Consumption in response to food‐associated cues in the absence of metabolic need can be viewed in terms of the distinction between ‘wanting’ and ‘liking’ (Robinson and Berridge, 2000), and some comparison may be drawn to the concept of incentive salience in drug addiction. Incentive salience theory suggests that repeated exposure to drugs of abuse alters the neural mechanisms of reward signalling and that natural reinforcers may have similar effects. It has, however, not yet been demonstrated whether abnormal responding to food cues is due to the repeated exposure prior to the onset of obesity or as a result of obesity. Studies suggest that there are differences in food reward processing between overweight and lean individuals and the way they respond to food‐associated cues (Volkow et al., 2008, 2012). Thus maladaptive responses to cues present in the environment may promote consumption and increase food‐cue‐reactivity, driving over‐consumption (Davidson and Swithers, 2004). Importantly cues can become associated with the sensory as well as the affective/motivational properties of the food (Parkinson et al., 2001) and so can direct behaviour in a specific manner. As shown in Figure 1, over‐consumption may be due to a shift to increased wanting following repeated exposure to palatable foods and cues predictive of delivery of food reward. This is perhaps analogous to the cue‐reactivity experienced by abstaining drug addicts when presented with drug associated cues (Tiffany, 1990), and in dietary‐restraining individuals (Green et al., 2000).

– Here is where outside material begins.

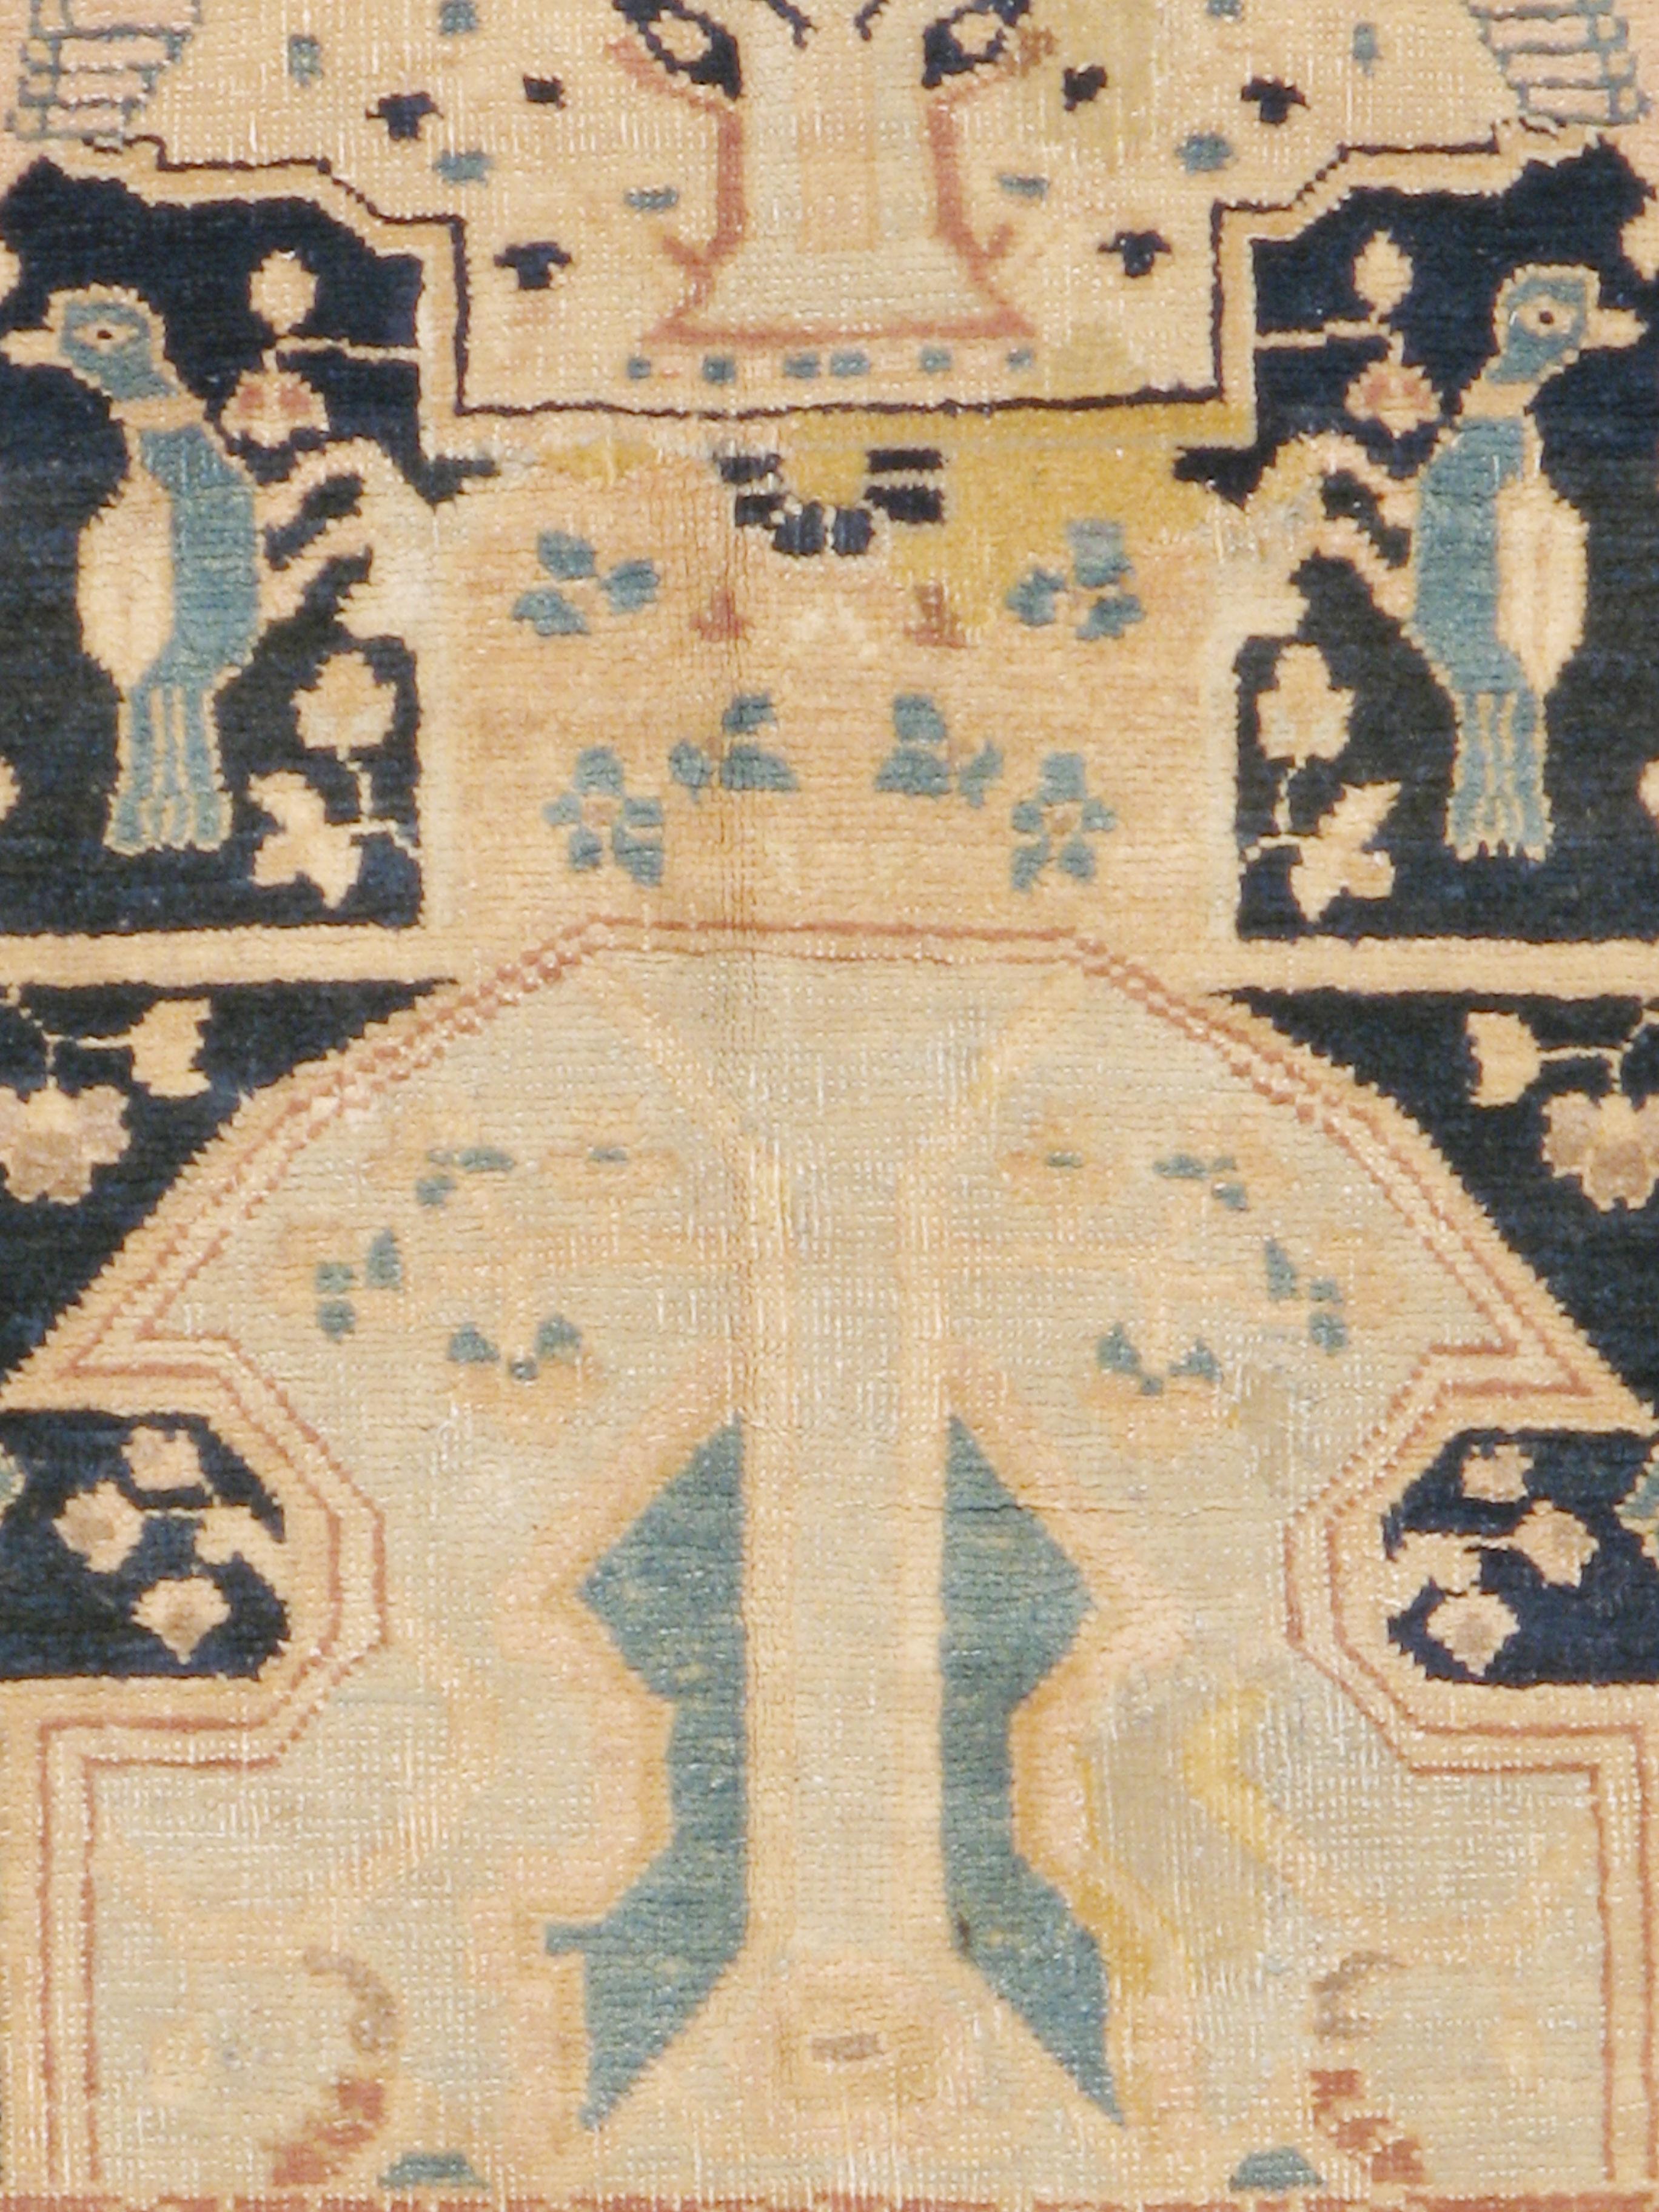 An antique Persian Tabriz rug from the late 19th century. Dated 1304 (1887) and inscribed, this extremely rare Tabriz scatter displays a central beige cartouche gripped by four human hands emerging from angular arabesques, all on a blue-black

Hunger enhances attention to food‐associated stimuli (Stockburger et al., 2009). Exposure to palatable foods stimulates consummatory reflexes such as salivation, enhances reported hunger sensations and the desire for food in people (Hill et al., 1984; Hardman et al., 2014) and increases the release of dopamine in the dorsal striatum (Volkow et al., 2002). Thus, reward‐driven feeding behaviours and regulation of energy homeostasis are intrinsically linked. In the following sections the roles of peripheral (ghrelin, leptin) and central (orexin, MCH) signalling with respect to cue‐induced stimulation of feeding behaviours will be discussed.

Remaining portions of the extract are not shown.